What to produce: Once the pictures are removed, reproduce what is left of the data below exactly.

Recorded information:
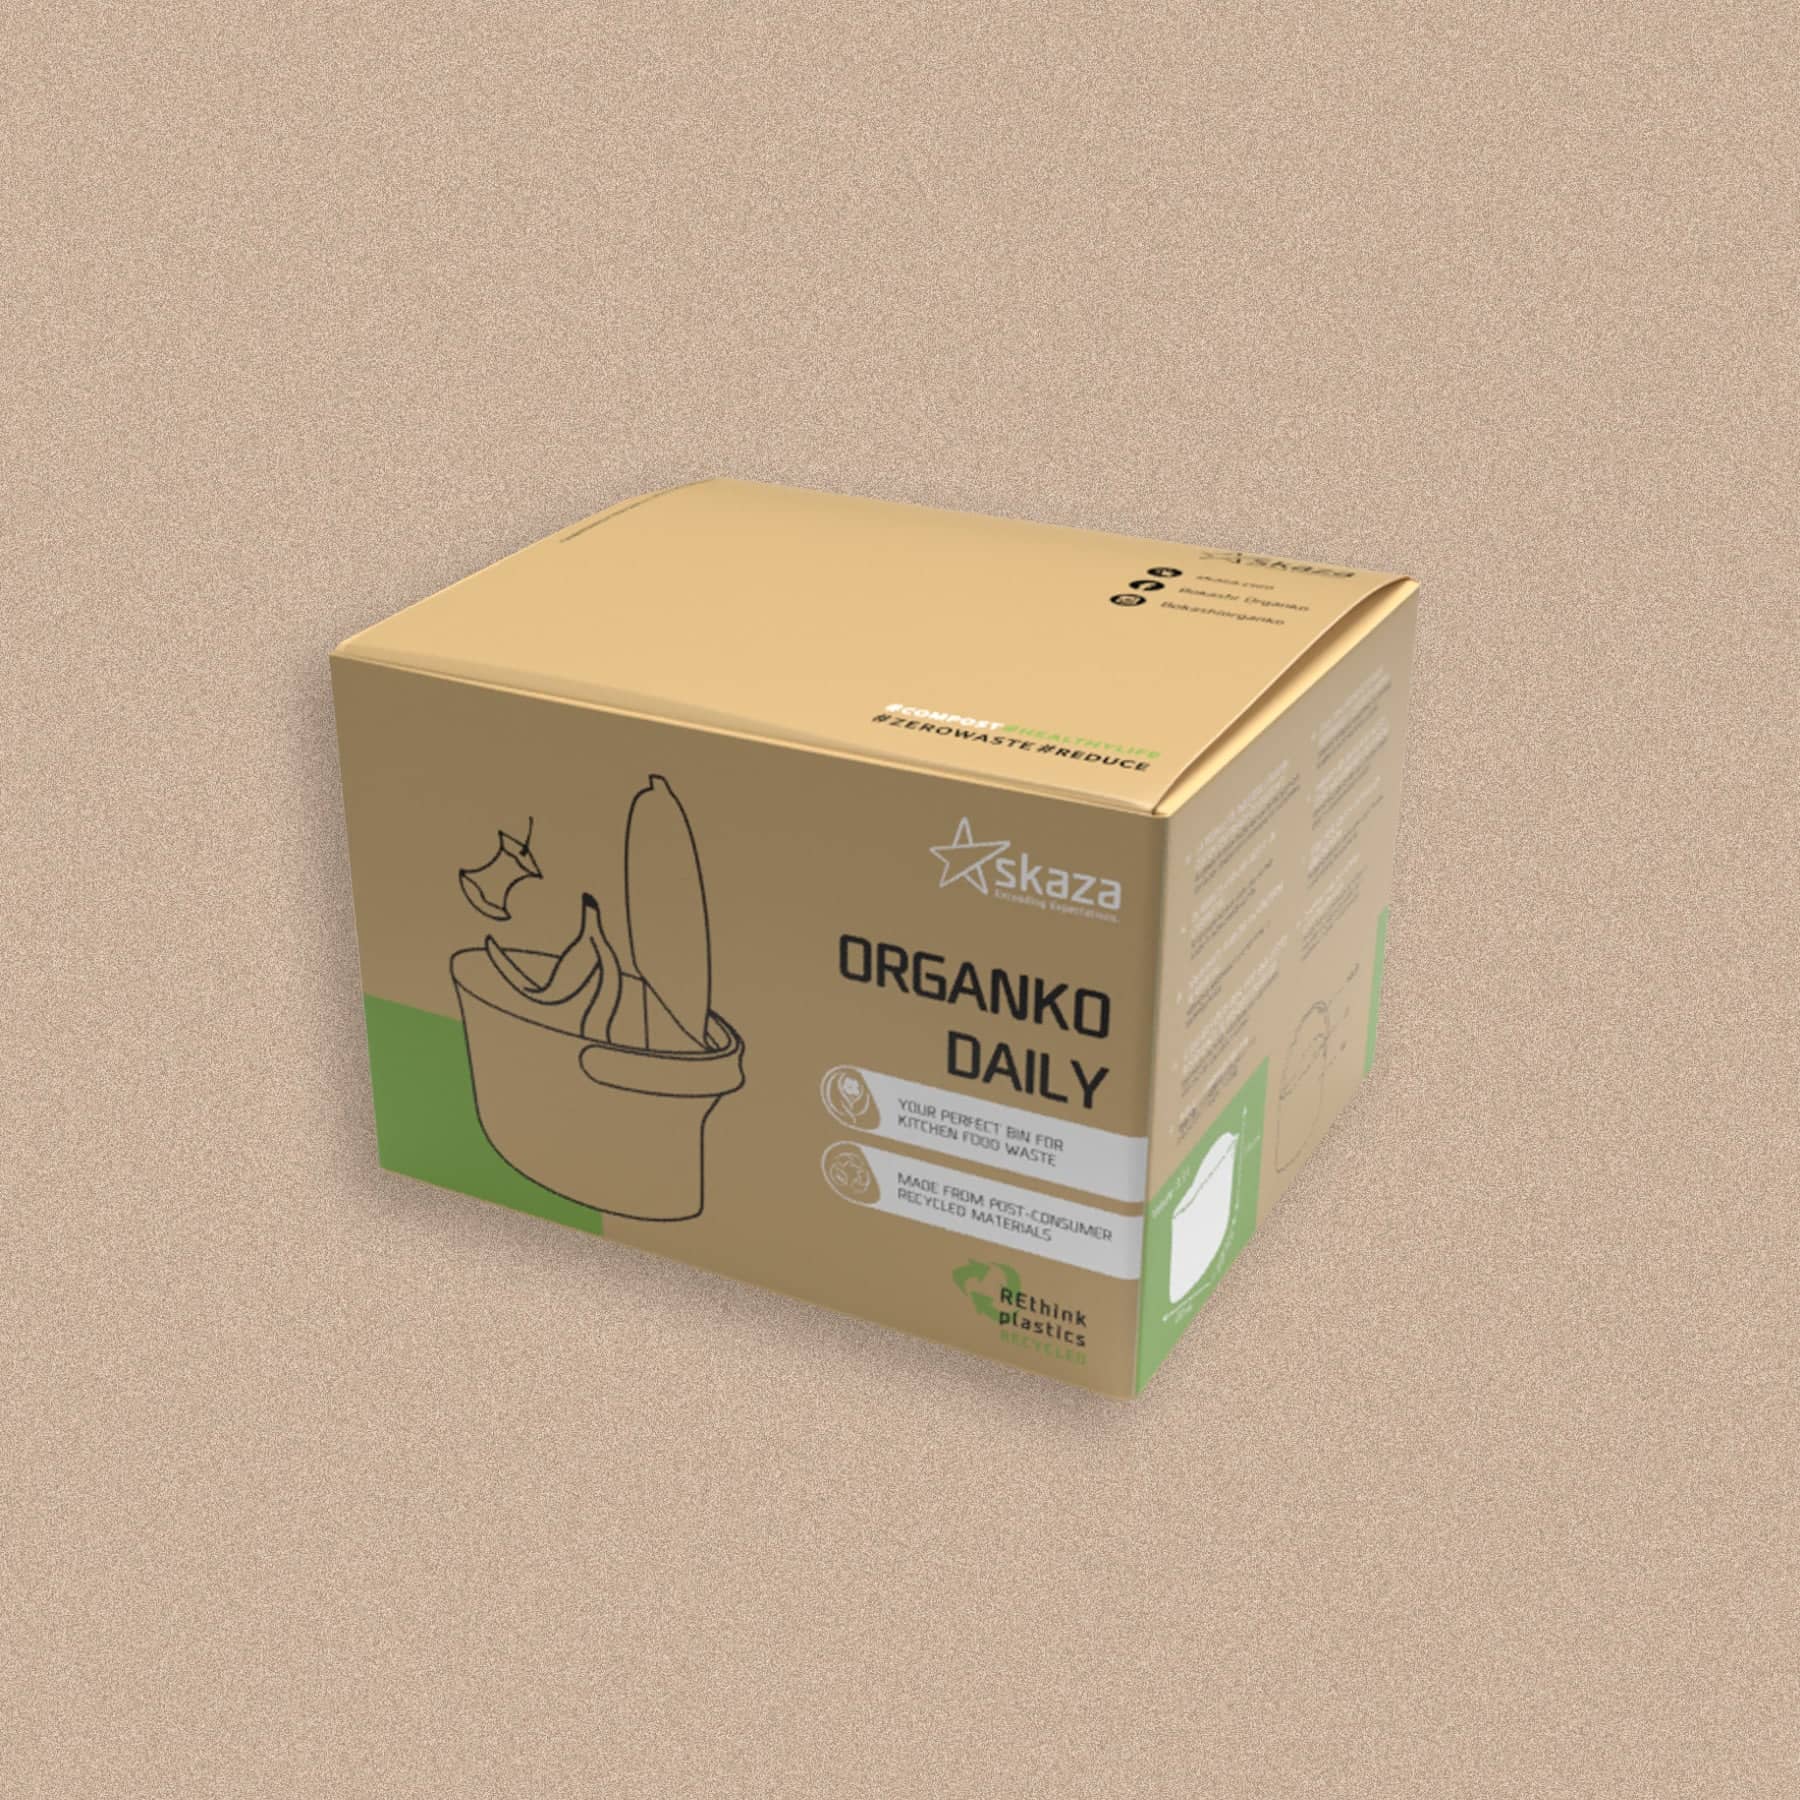 Organko Daily biojäätmete prügikast hall pakend
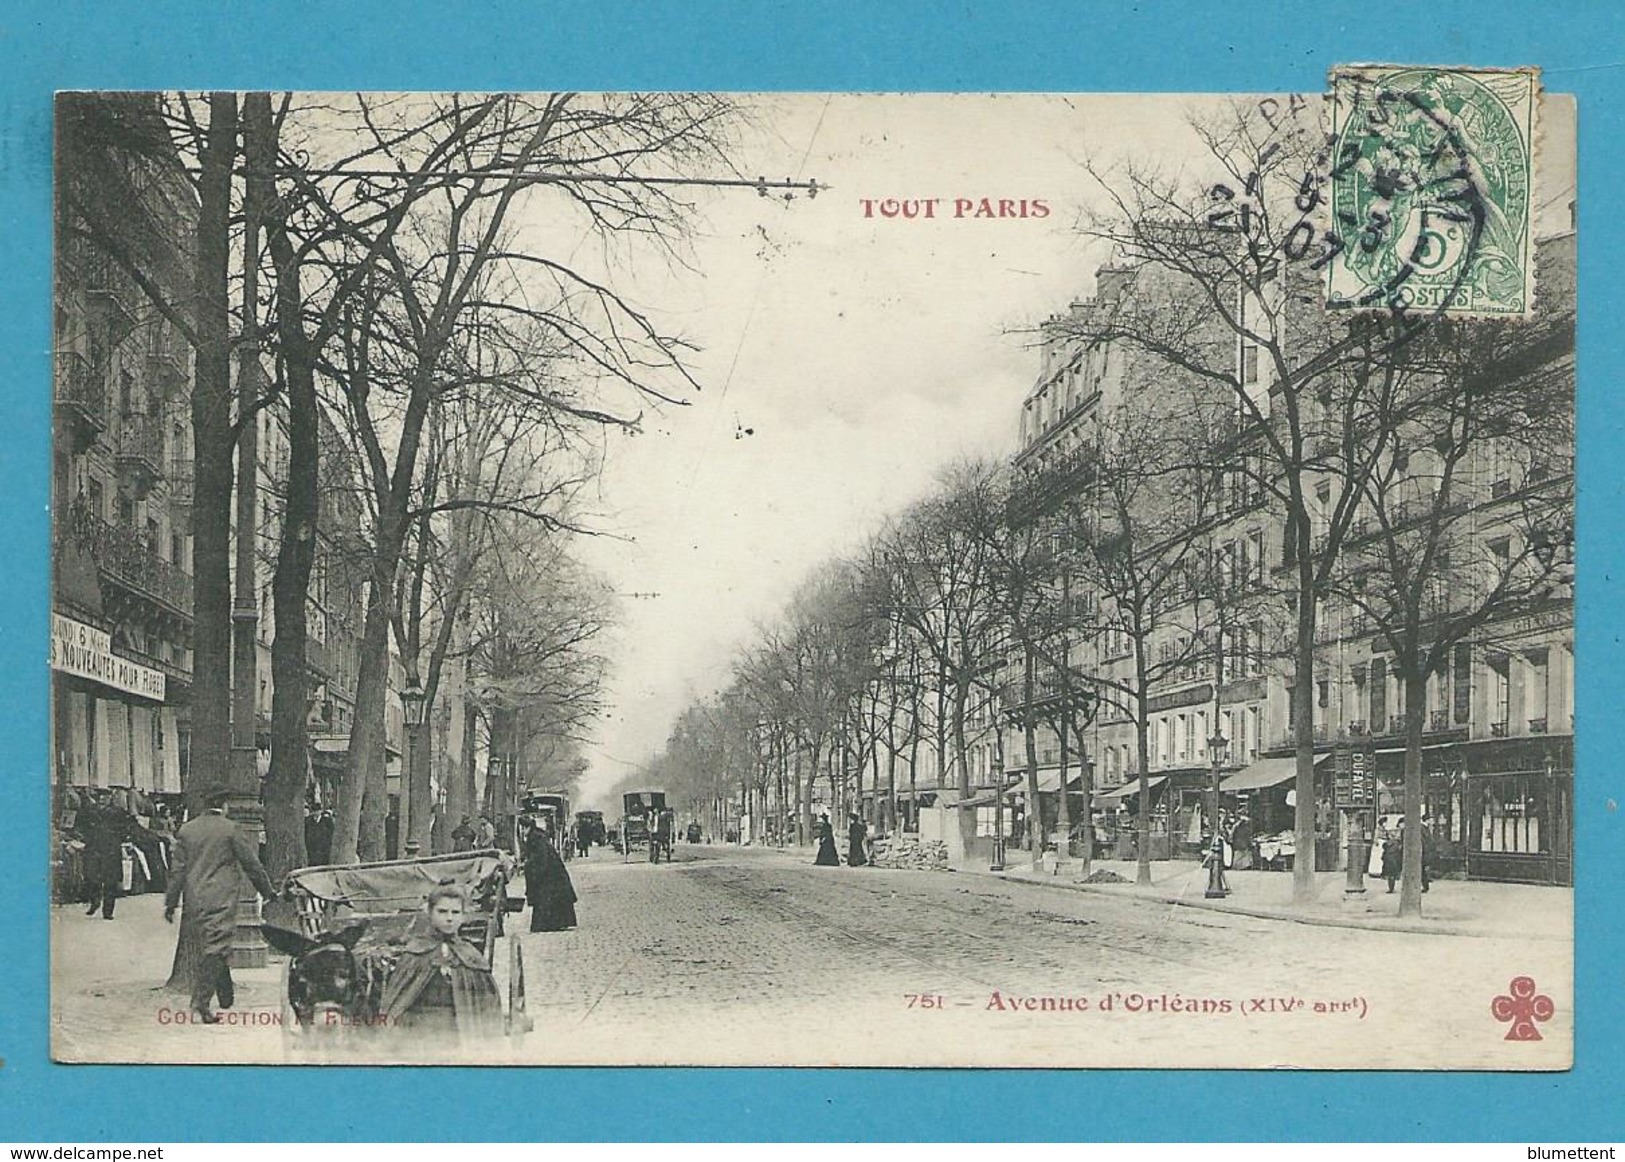 CPA TOUT PARIS 751 - Avenue D'Orléans (XIVème Arrt.) Ed. FLEURY - District 14
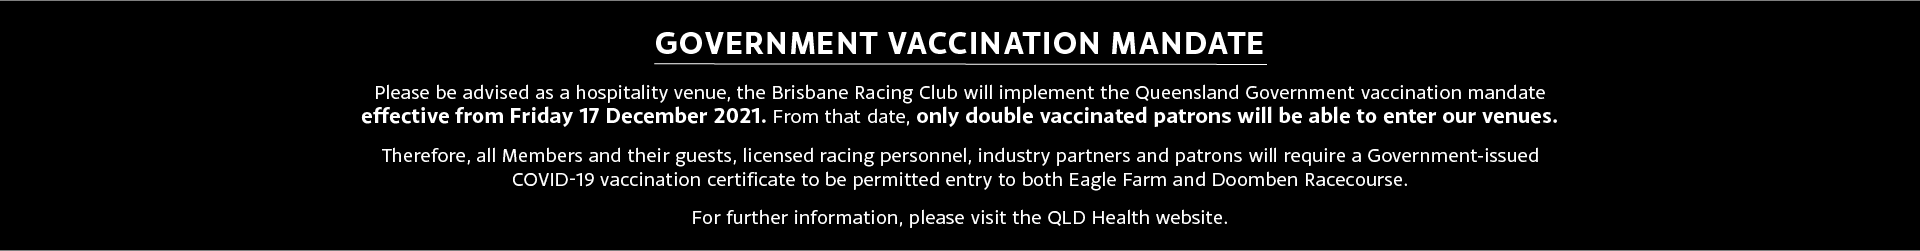 Covid vaccine mandate banner updated | Brisbane Racing Club
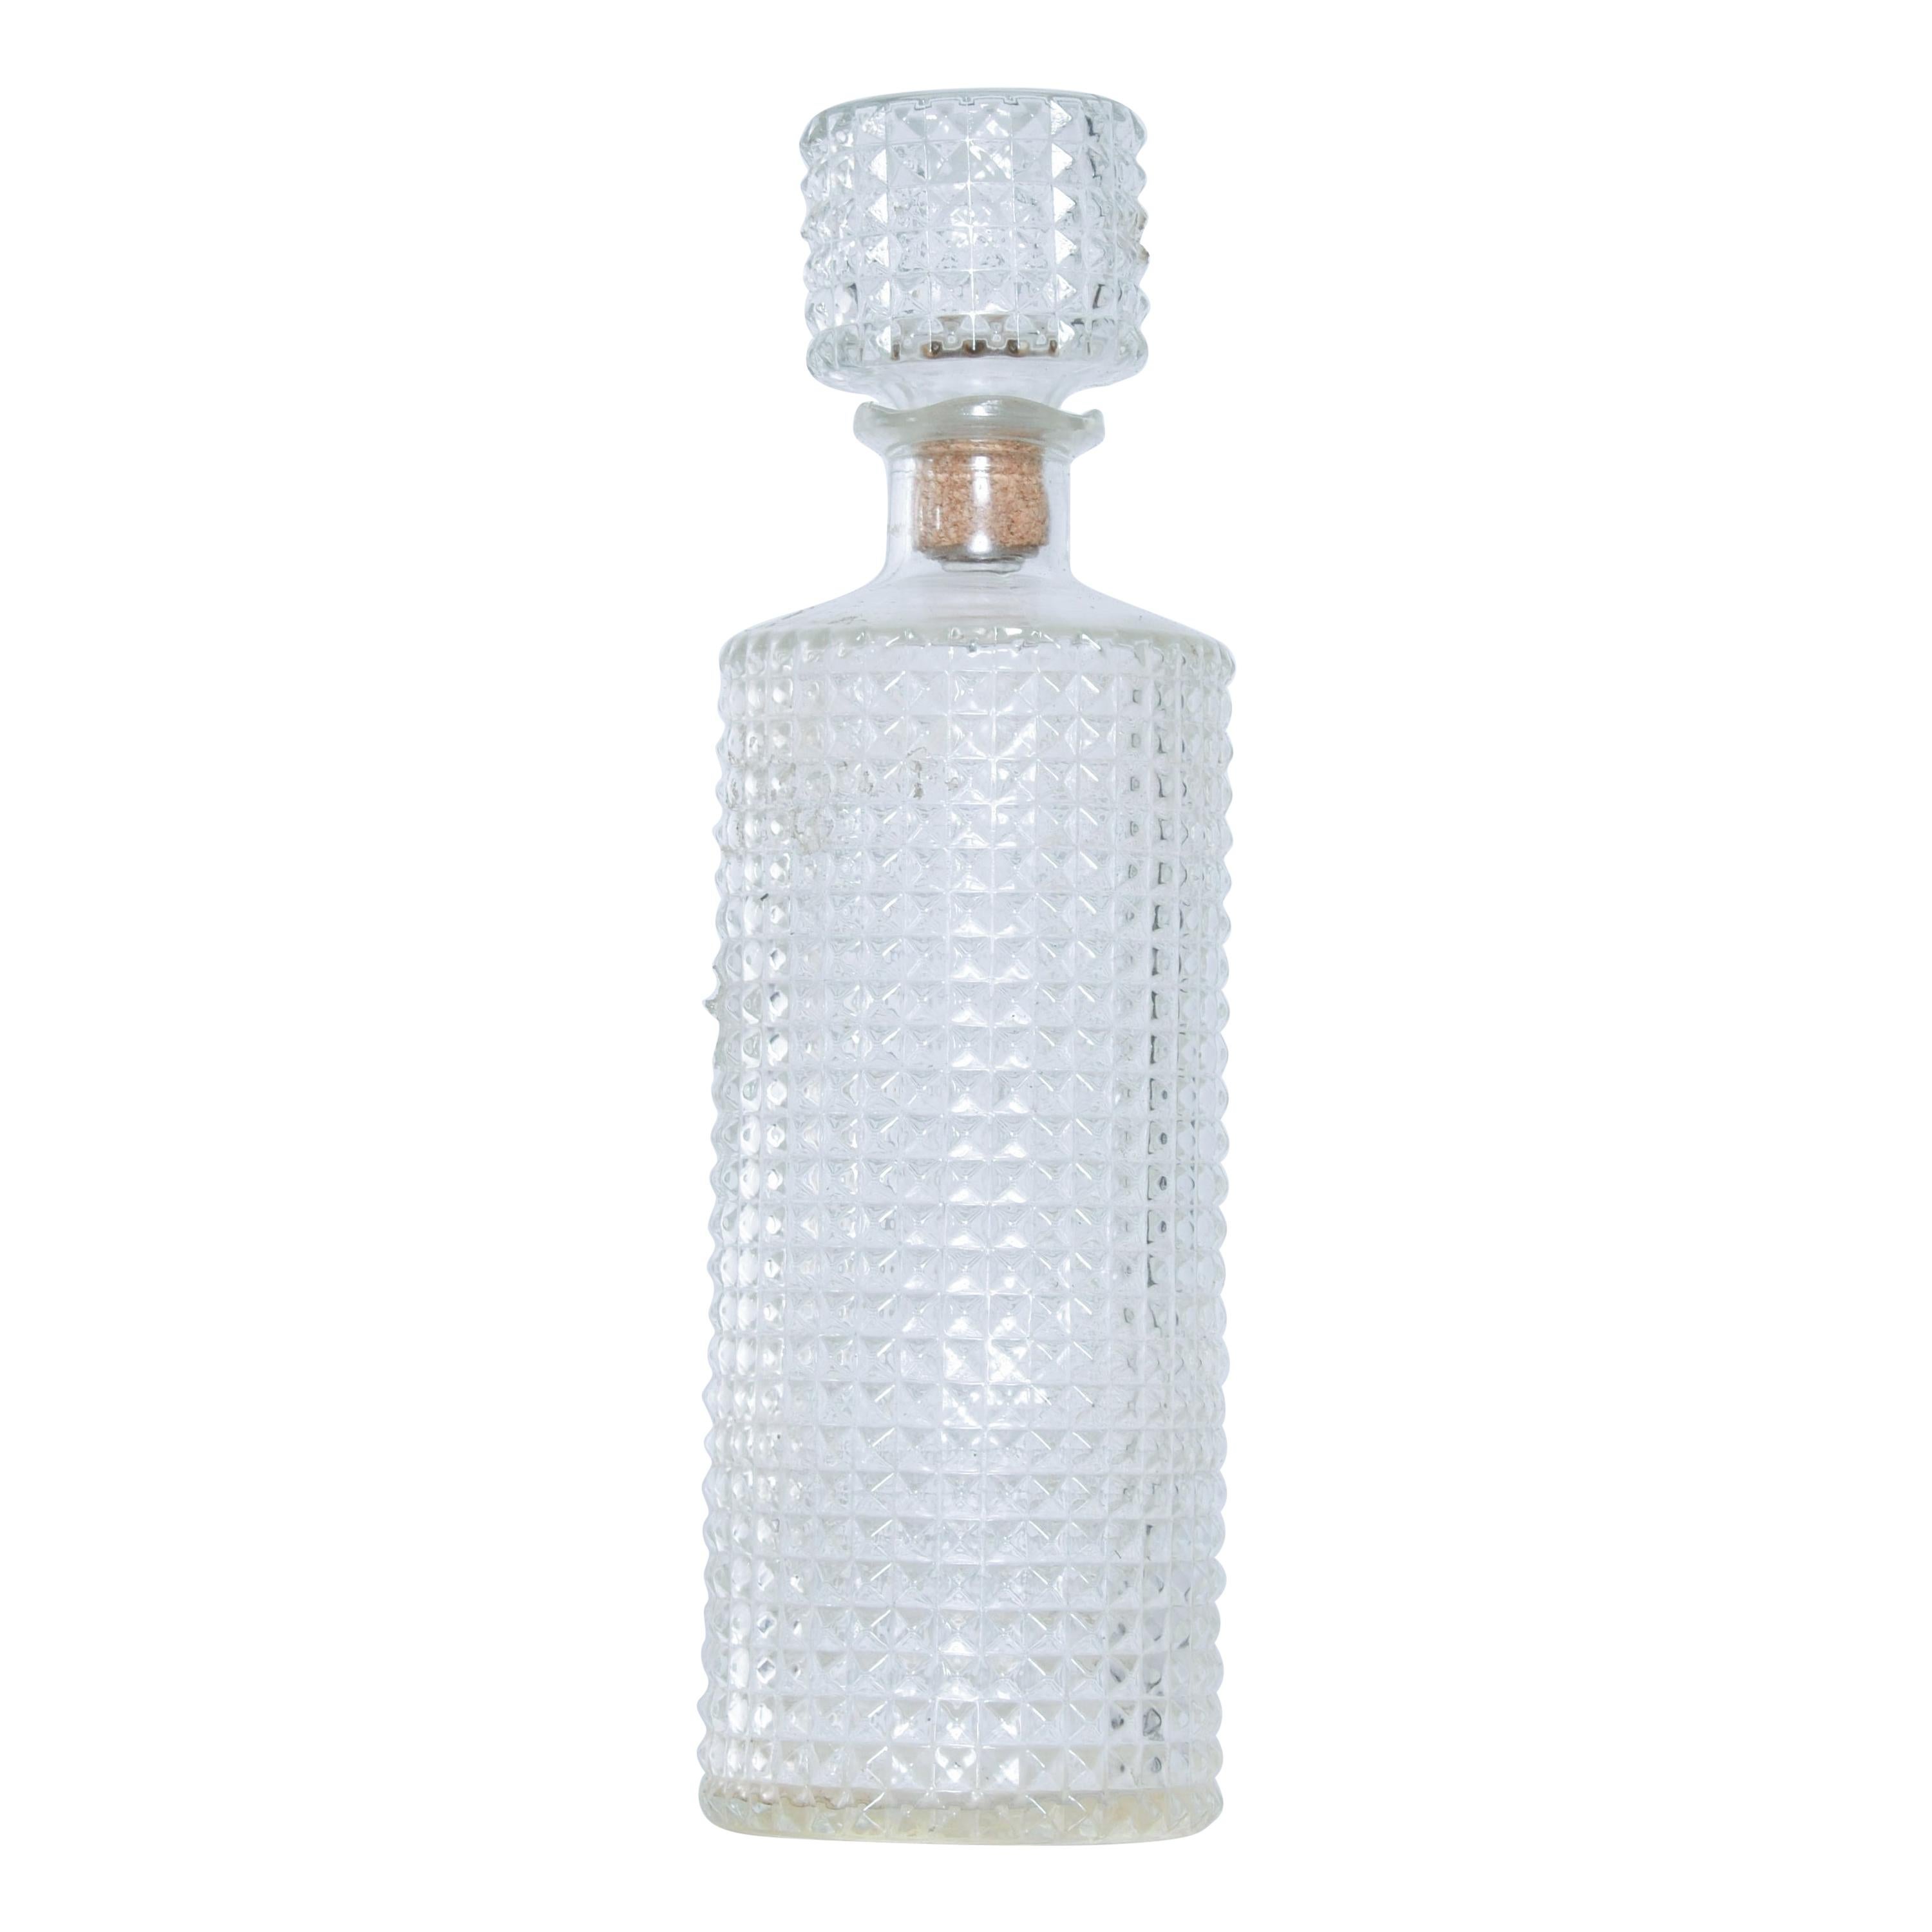 Vintage Modern Whiskey Bottle Decanter Diamond Cut-Glass Cork Stopper, 1970s

Task solution:
 Organko Daily biojäätmete prügikast hall pakend
 CPA TOUT PARIS 751 - Avenue D'Orléans (XIVème Arrt.) Ed. FLEURY - District 14
 Covid vaccine mandate banner updated | Brisbane Racing Club
 Vintage Modern Whiskey Bottle Decanter Diamond Cut-Glass Cork Stopper, 1970s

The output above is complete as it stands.